Neutral Tandem (NASDAQ:IQNT)

Q4 2012 Earnings Call

March 07, 2013 10:00 am ET

Executives

Richard L. Monto - General Counsel and Secretary

G. Edward Evans - Chief Executive Officer, Director and Chairman of Capital Allocation Committee

David Zwick - Chief Financial Officer, Principal Accounting Officer and Executive Vice President

Analysts

Hamed Khorsand - BWS Financial Inc.

Operator

Ladies and gentlemen, thank you for standing by, and welcome to the Inteliquent Fourth Quarter and Full Year 2012 Earnings Call on the 7th of March 2013. [Operator Instructions]

I will now hand the conference over to Richard Monto, the General Counsel. Please go ahead, sir.

Richard L. Monto

Thank you, and welcome to the Inteliquent Fourth Quarter and Full Year 2012 Earnings Conference Call.

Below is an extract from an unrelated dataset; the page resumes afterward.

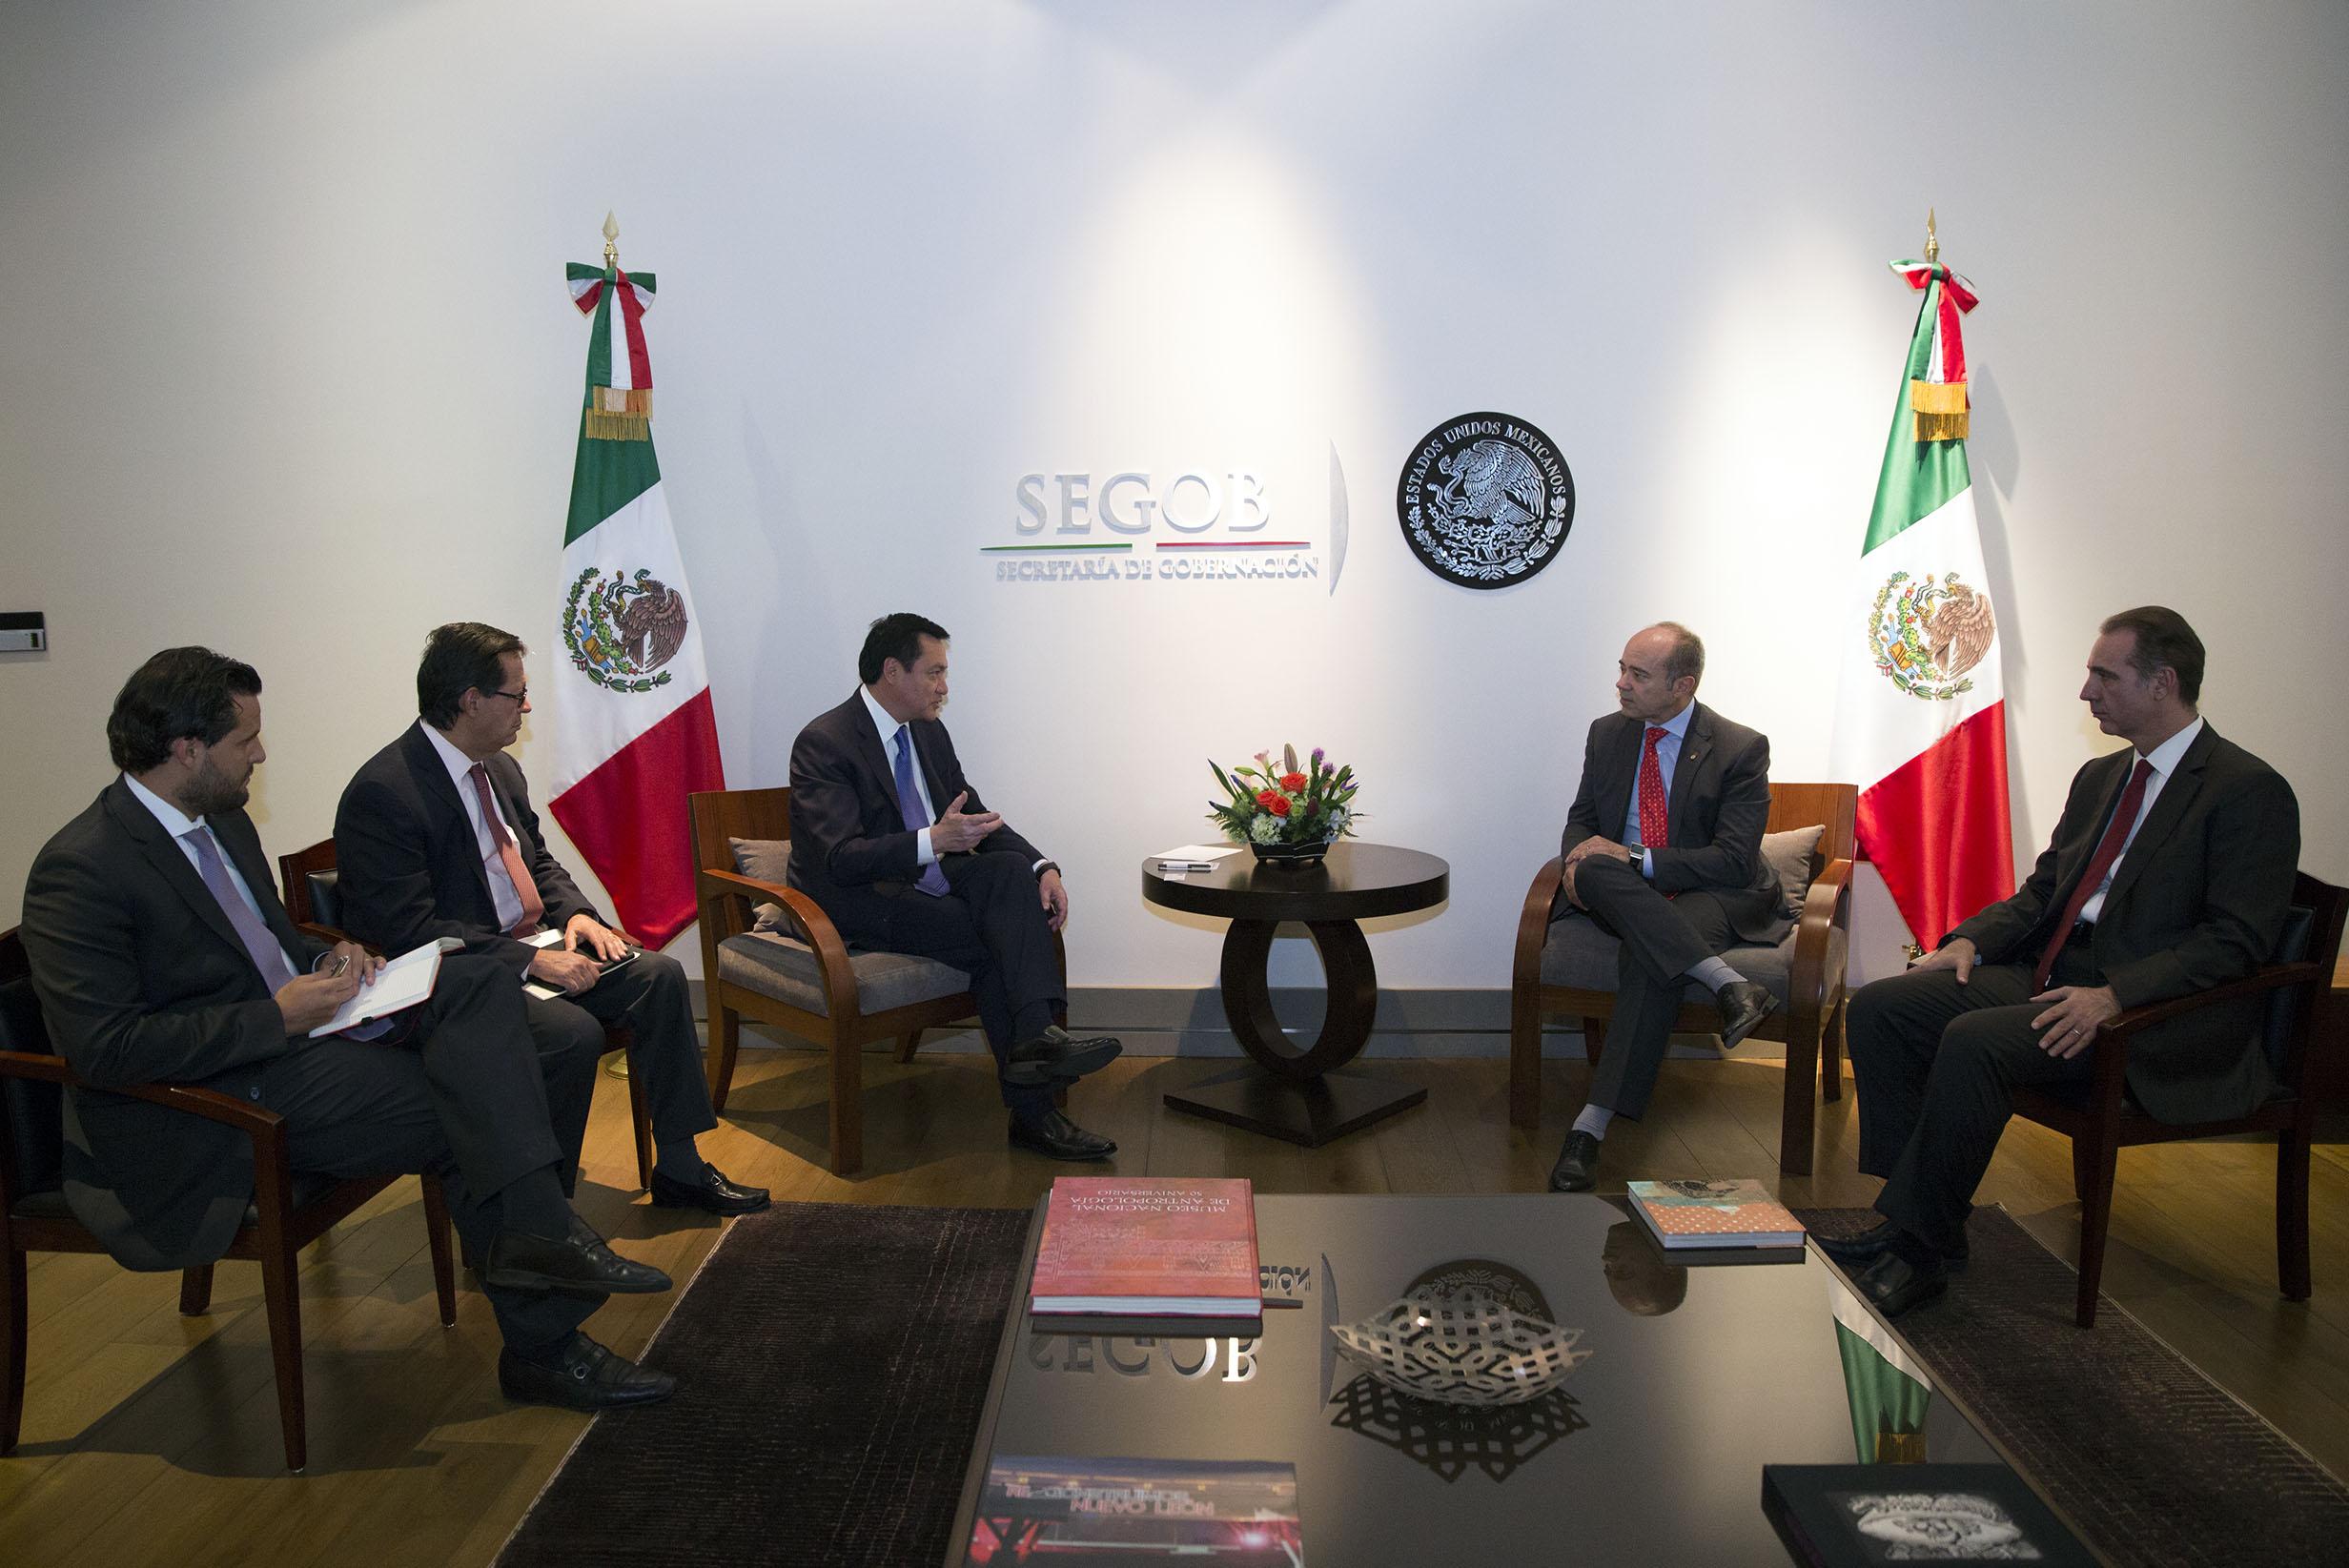 El 55º Periodo Extraordinario de Sesiones de la Corte Interamericana de Derechos Humanos se realizará en México del 17 de agosto y al 2 de septiembre.

In our remarks today, we will include statements that are considered forward looking within the meaning of federal securities laws. The forward-looking statements are based on current expectations and are subject to substantial risks and uncertainties that may cause actual results to differ materially from the forward-looking statements. A description of certain of these risks and uncertainties accompanying these forward-looking statements can be found in our earnings release issued today and in certain of our SEC filings. Inteliquent undertakes no obligation to update any forward-looking statements.

In our remarks, we will also refer to non-GAAP financial measures, which we believe, in combination with GAAP results, provide additional analytic tools to understand our operations. Tables that reconcile non-GAAP financial measures to GAAP results are also included in our earnings release issued today.

Now for the substance of the call, I'd like to hand the call over to Ed Evans, Inteliquent's CEO.

G. Edward Evans

Thank you, Richard. And good morning, everyone. Thank you for joining us today as we discuss our full year results for 2012. First, I will provide an overview of our operational results, as well as a few observations about our business, and then David Zwick, our CFO, will provide a more detailed review of our financial performance, as well as certain detailed operational metrics. We will also provide time for questions following our prepared comments.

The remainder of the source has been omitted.